## To do:
Copy the data exactly. Images are to be left out.

## Given material:
*-*-*

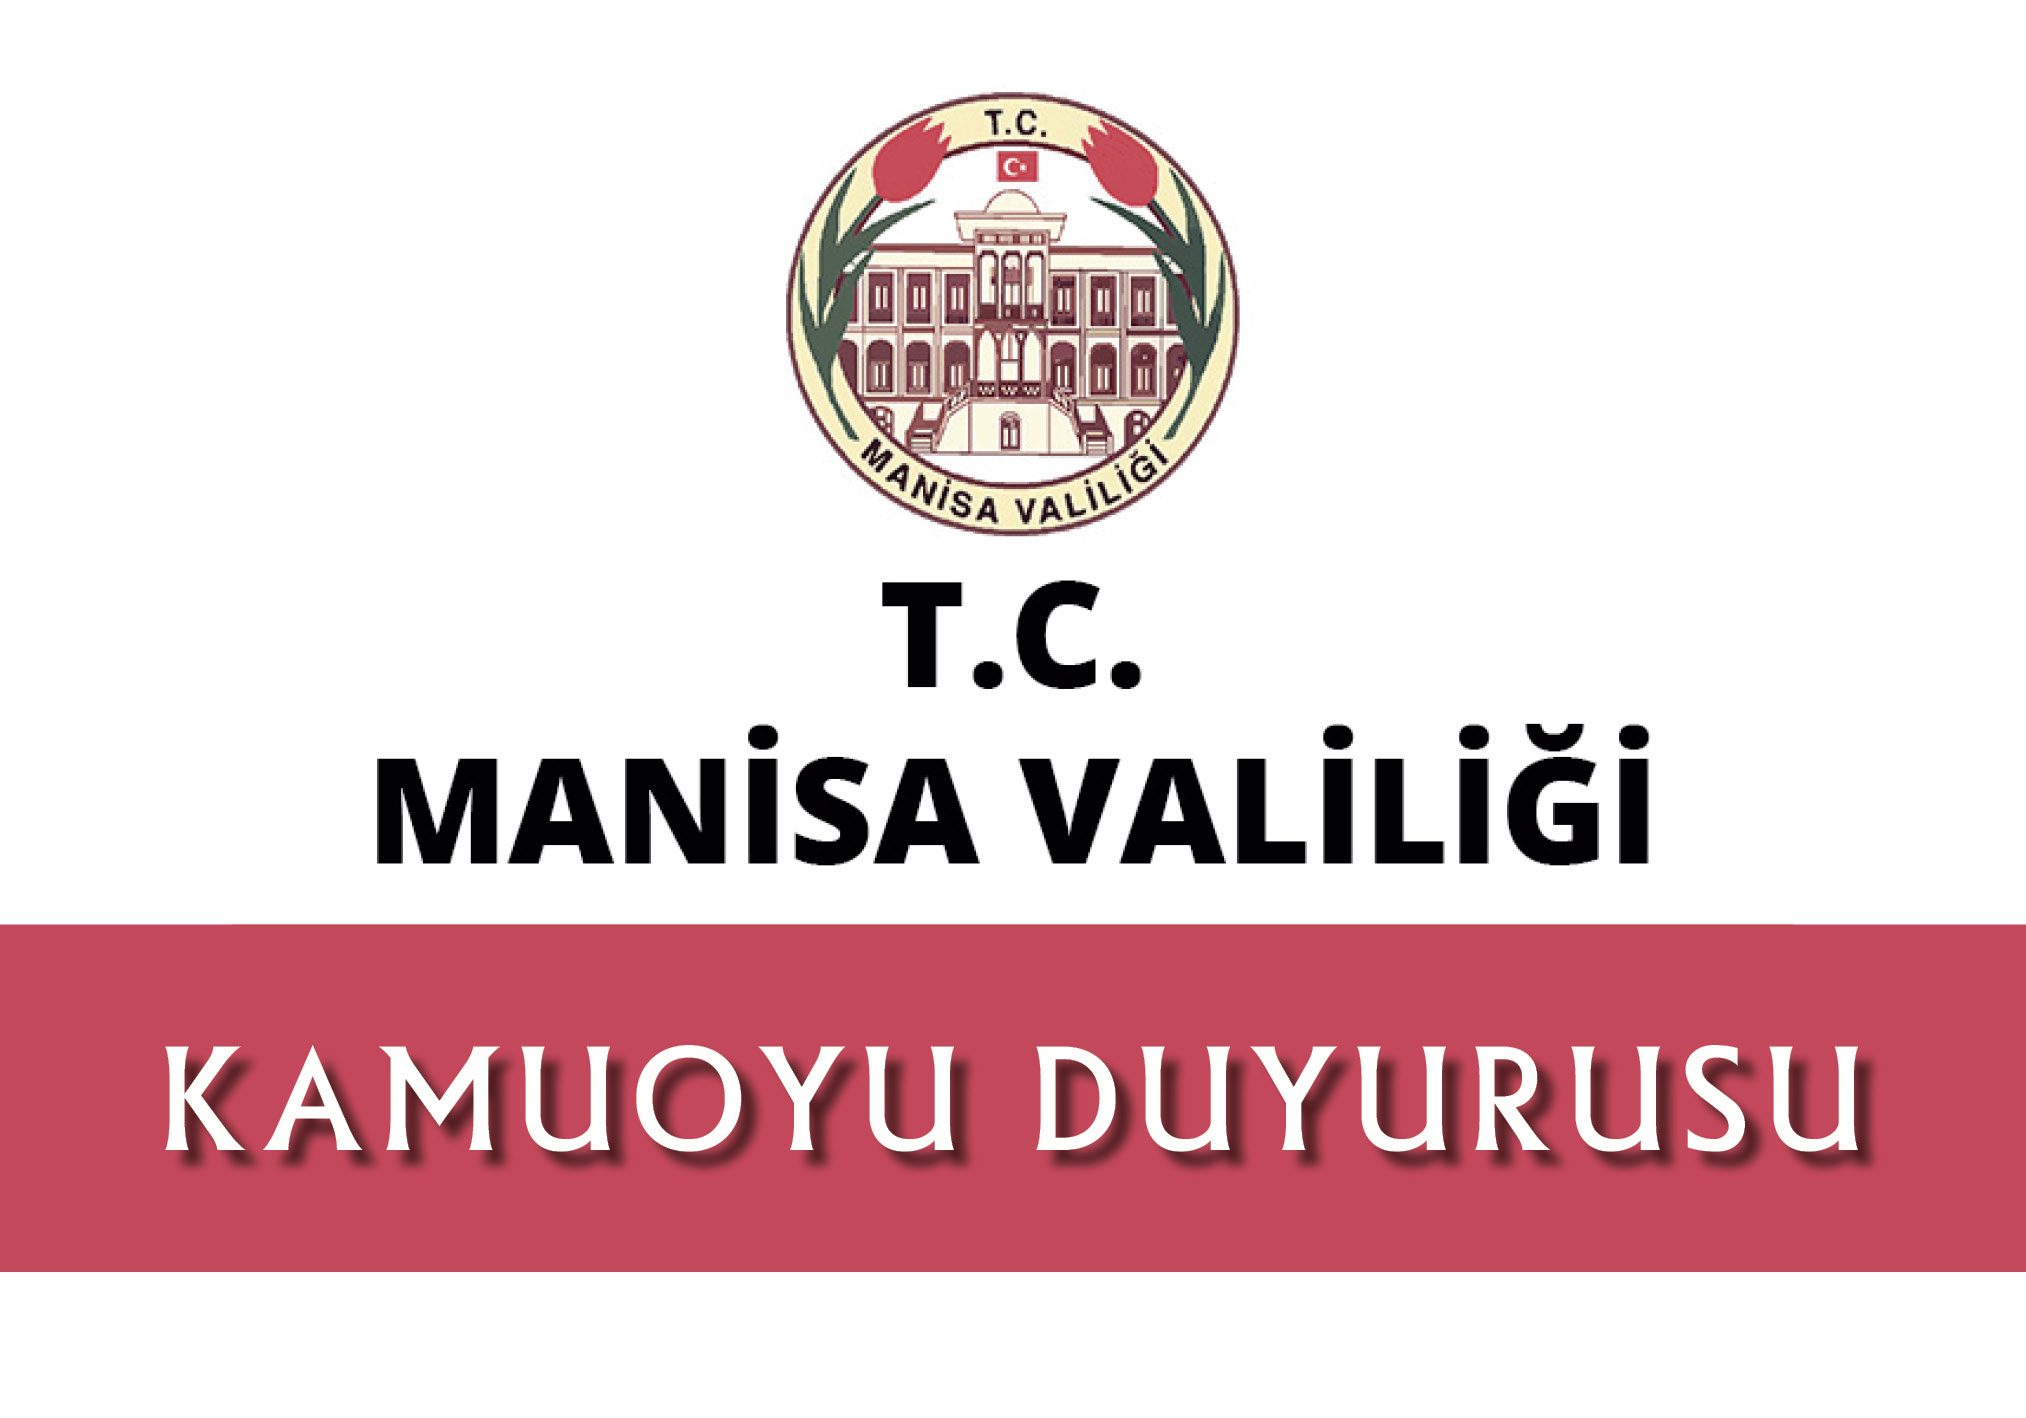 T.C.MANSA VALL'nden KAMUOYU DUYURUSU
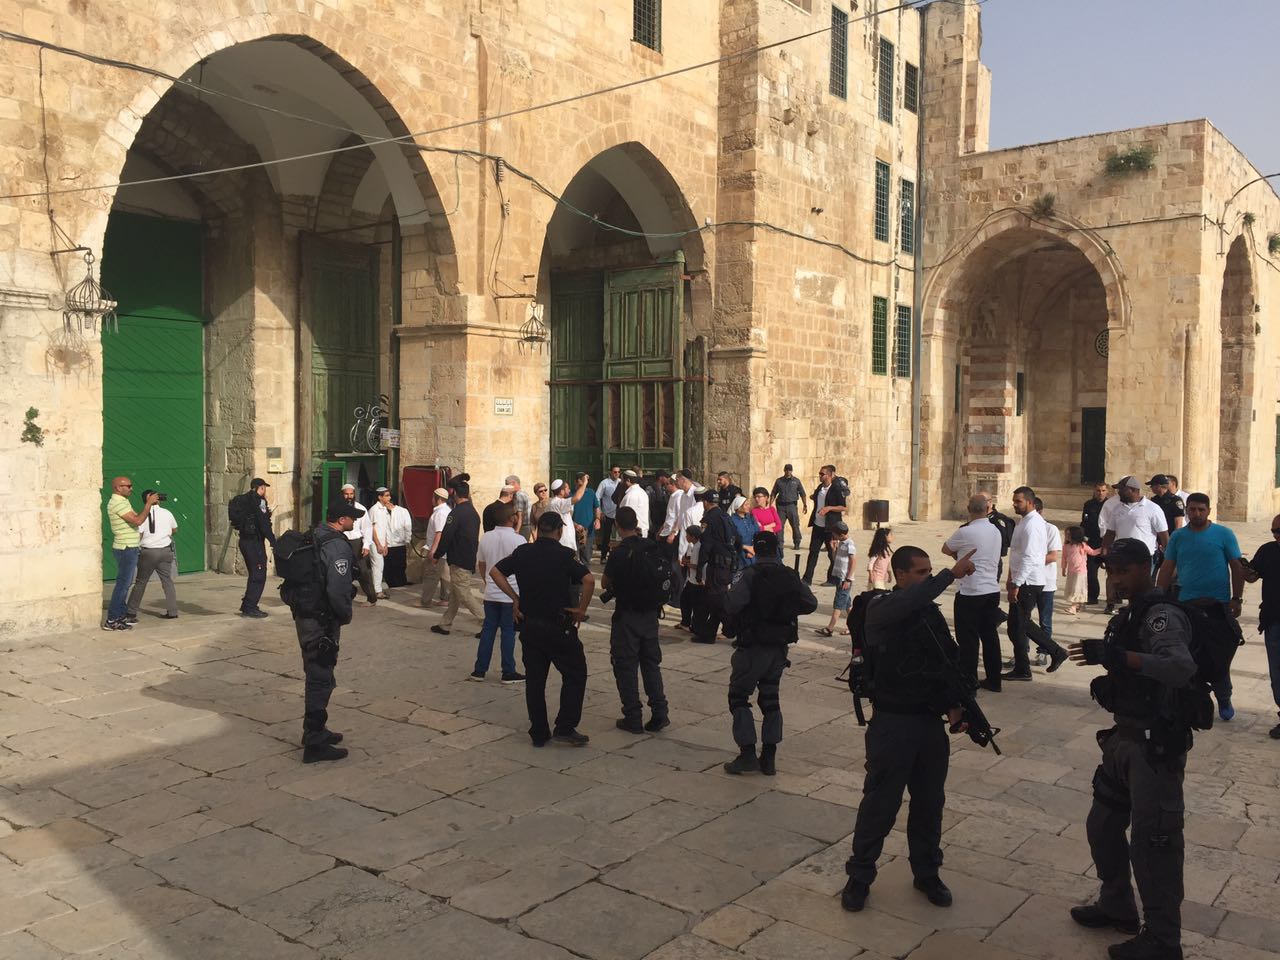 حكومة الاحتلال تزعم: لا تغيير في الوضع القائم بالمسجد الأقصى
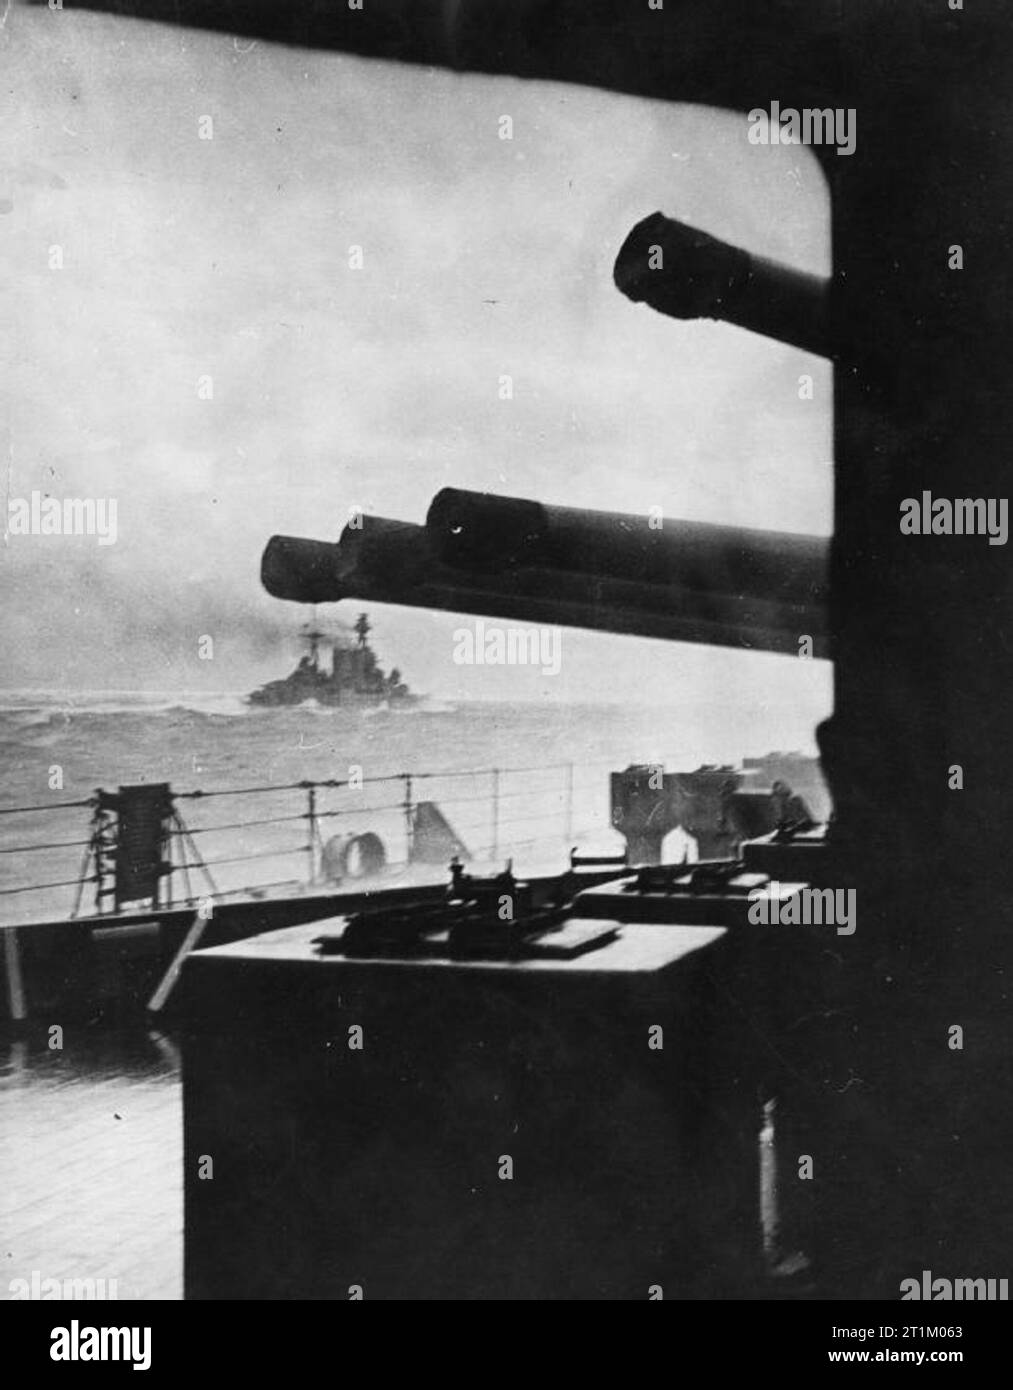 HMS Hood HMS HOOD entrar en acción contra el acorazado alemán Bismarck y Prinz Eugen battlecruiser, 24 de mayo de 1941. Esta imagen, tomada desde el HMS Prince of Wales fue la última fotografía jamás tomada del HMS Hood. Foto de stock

*-*-*

## Written answer:
 T.C.MANSA VALL'nden KAMUOYU DUYURUSU
 حكومة الاحتلال تزعم: لا تغيير في الوضع القائم بالمسجد الأقصى
 HMS Hood HMS HOOD entrar en acción contra el acorazado alemán Bismarck y Prinz Eugen battlecruiser, 24 de mayo de 1941. Esta imagen, tomada desde el HMS Prince of Wales fue la última fotografía jamás tomada del HMS Hood. Foto de stock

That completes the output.